**Brief**
Everything in the listing that follows should be reproduced exactly except the pictures.

**Data block**
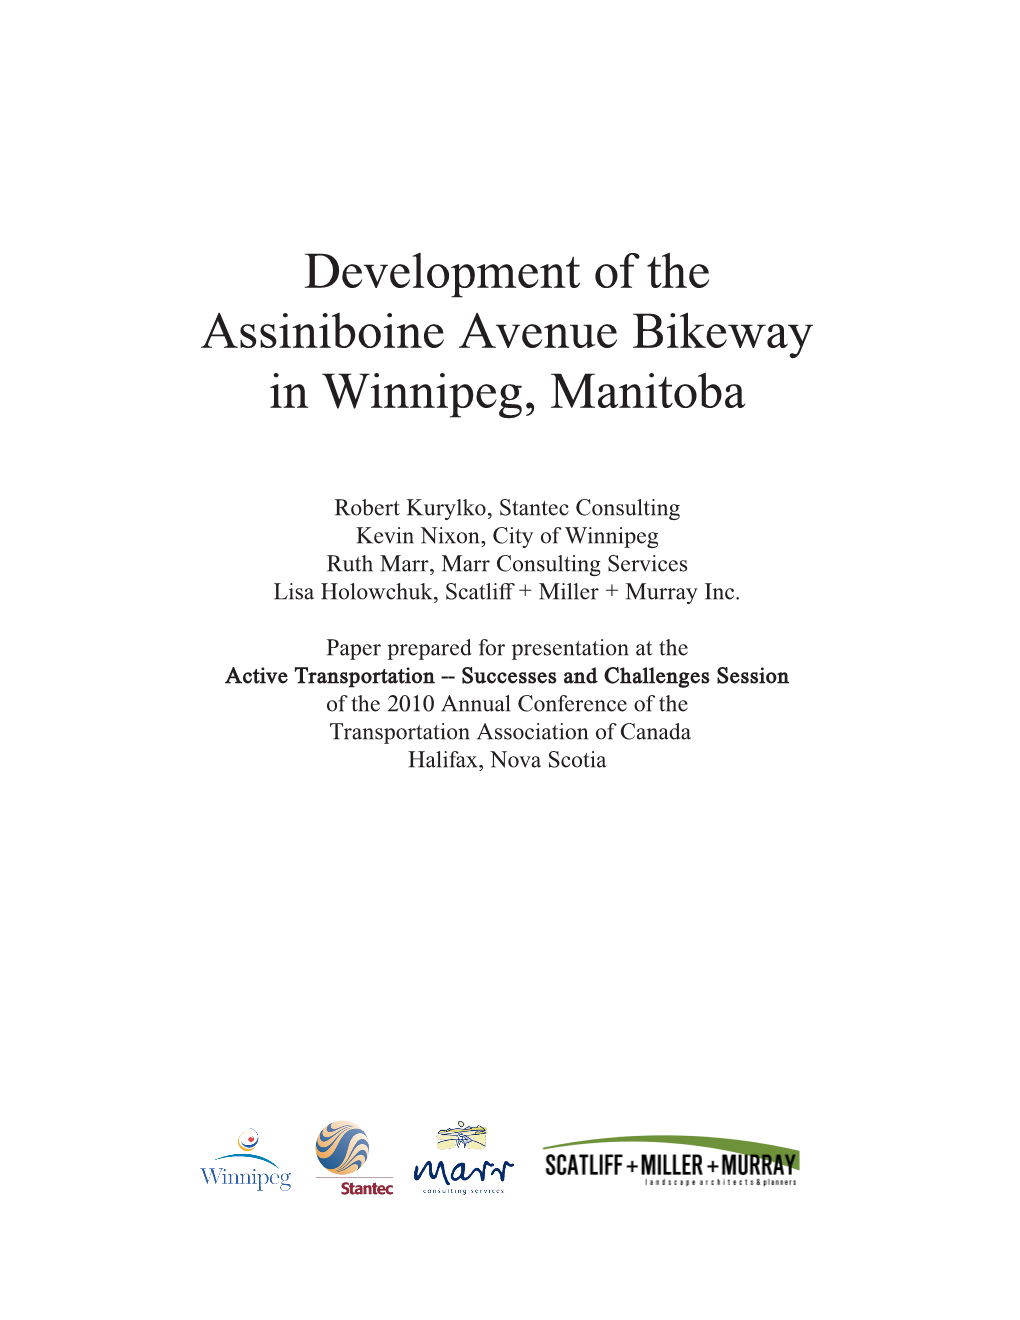 Development of the Assiniboine Avenue Bikeway in Winnipeg, Manitoba
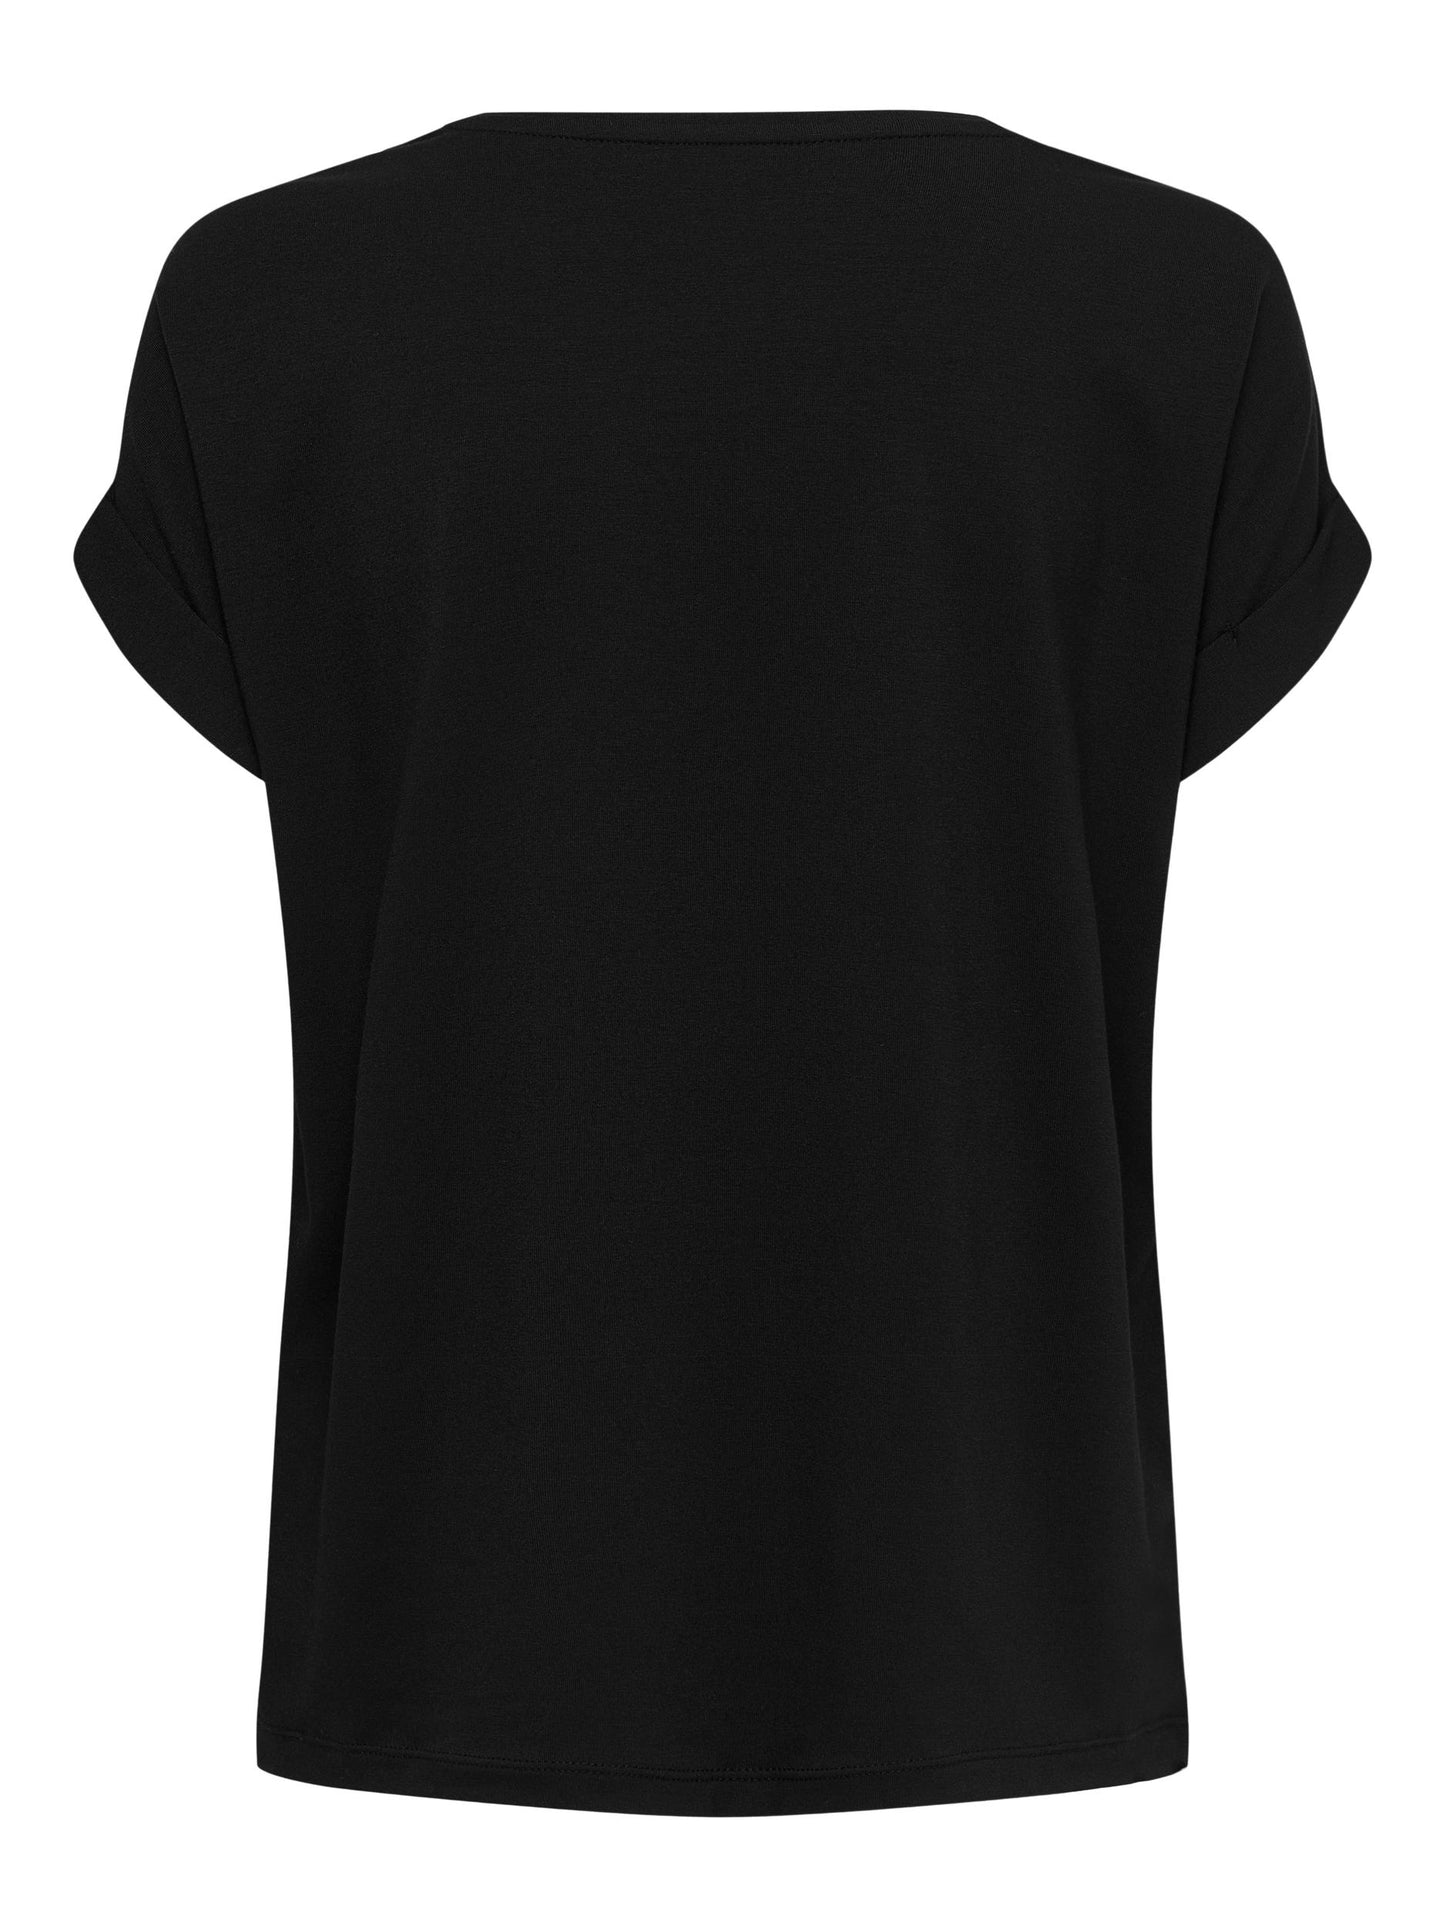 Moster T-Shirt - Black
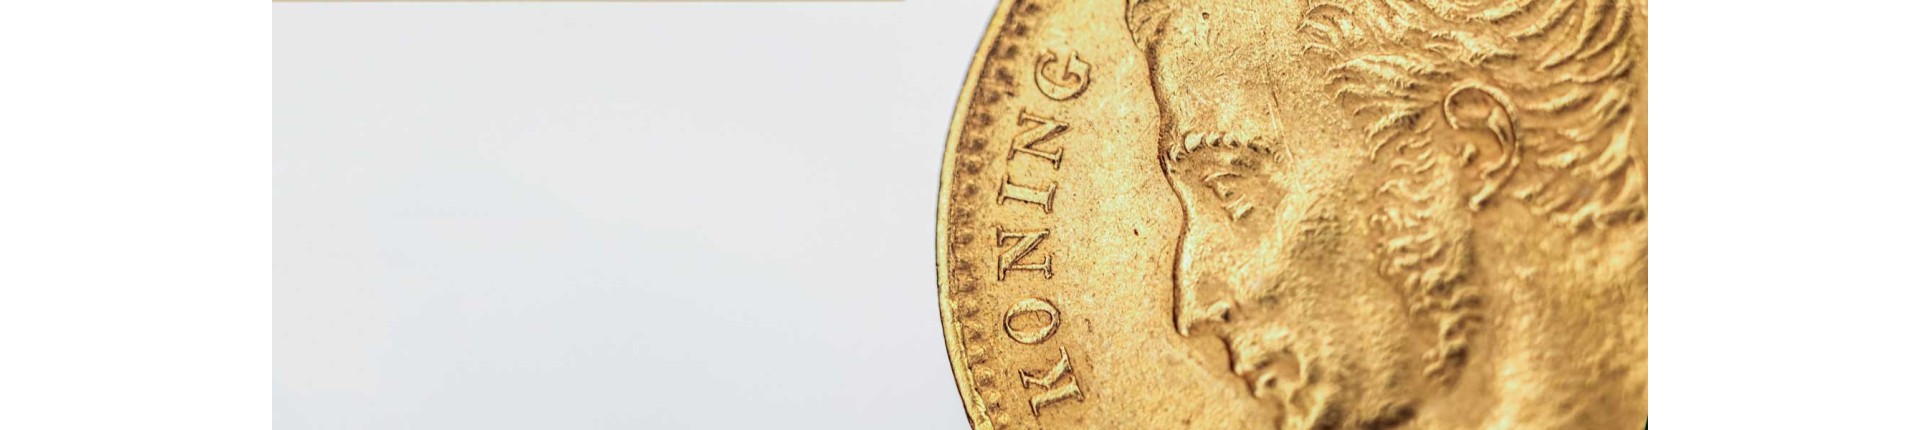 Historische gouden munten
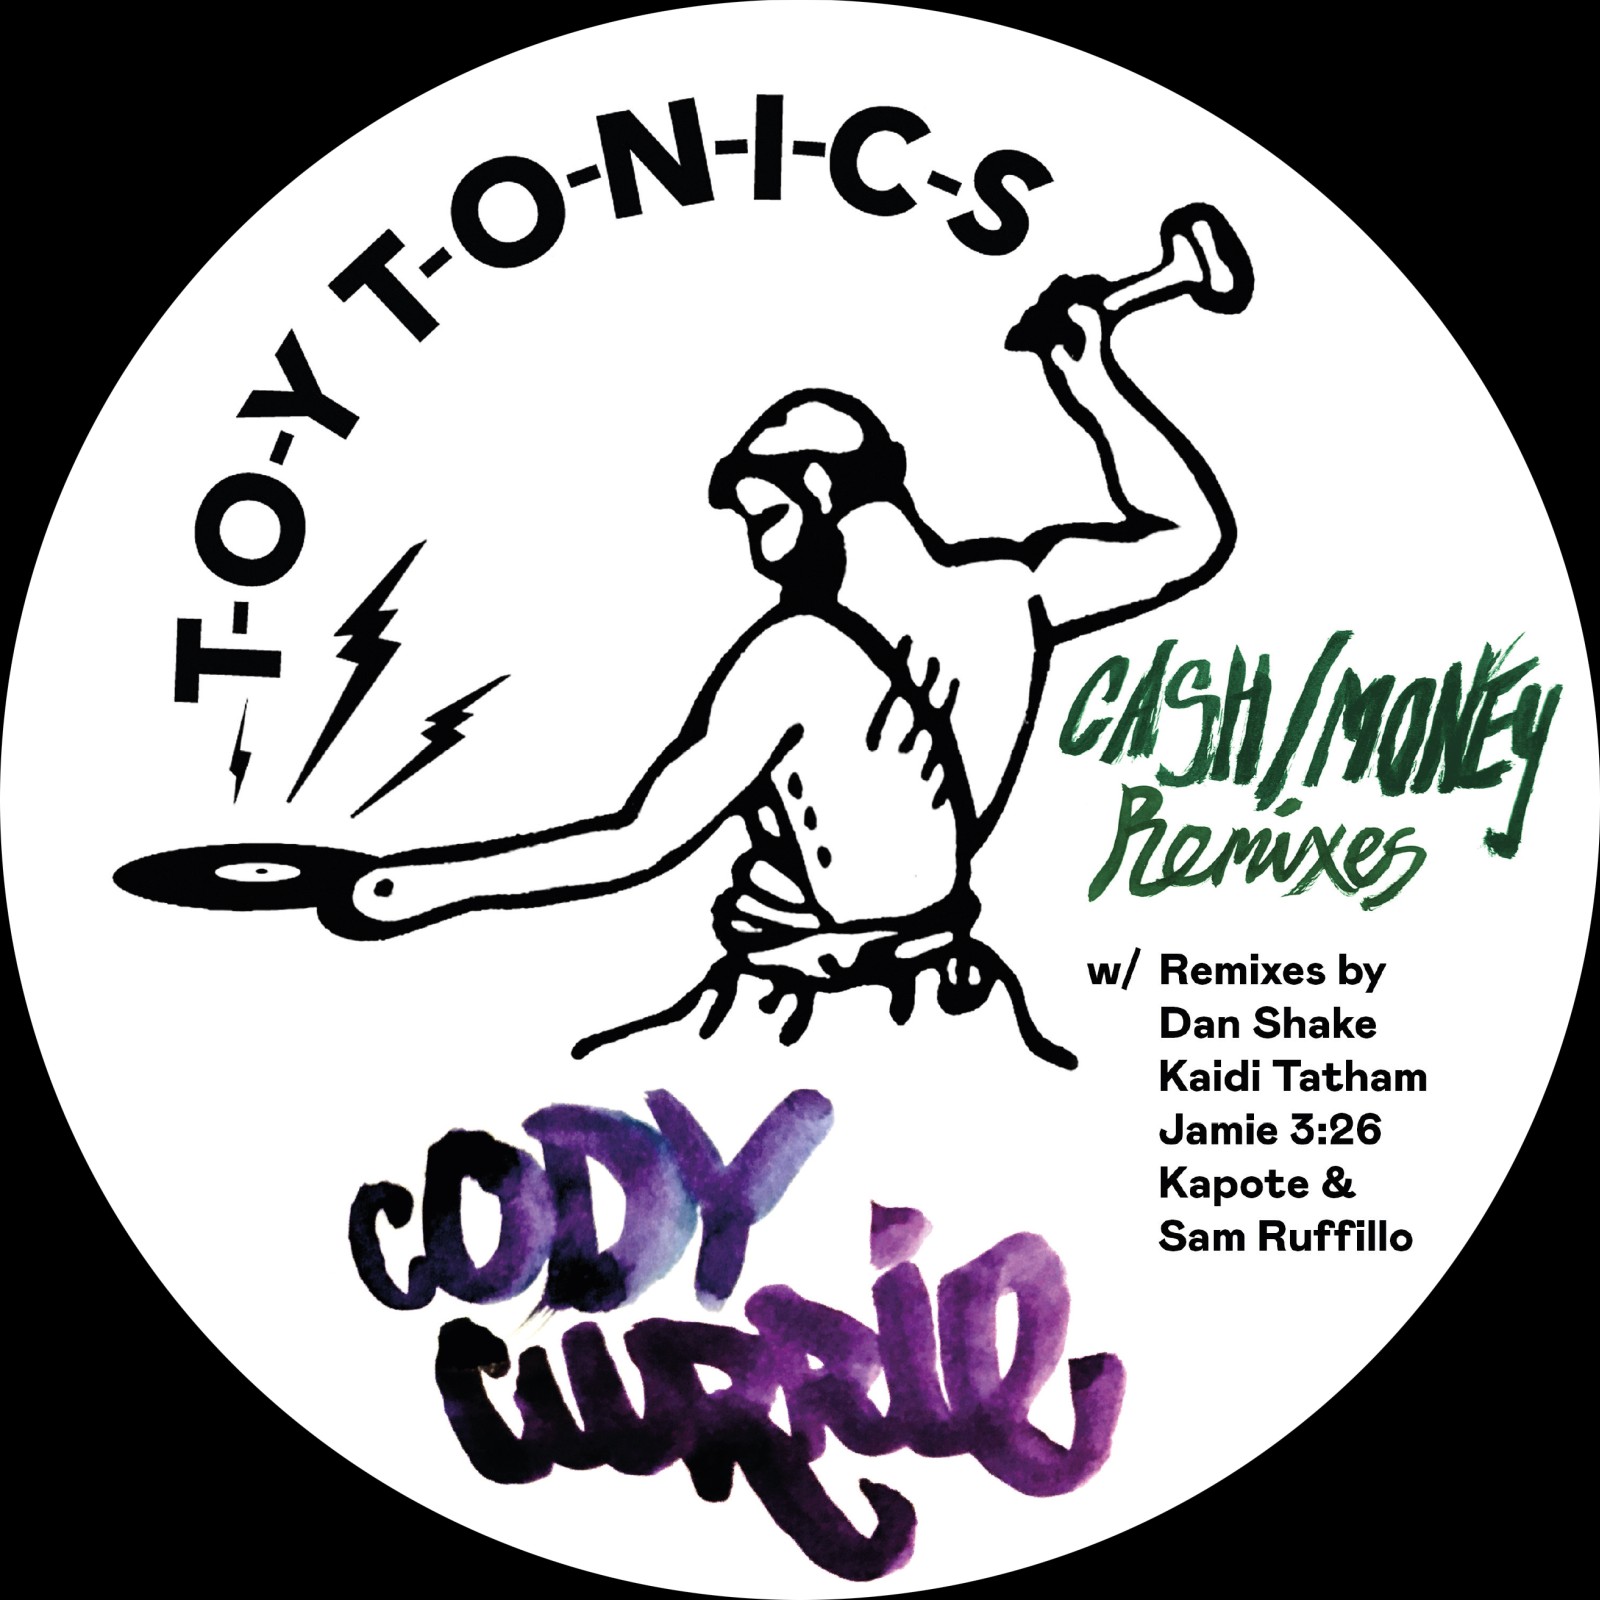 Cody Currie - Cash-Money Remixes [TOYT143]

**Exercise solution**
 Development of the Assiniboine Avenue Bikeway in Winnipeg, Manitoba
 Moster T-Shirt - Black
 Historische gouden munten
 Cody Currie - Cash-Money Remixes [TOYT143]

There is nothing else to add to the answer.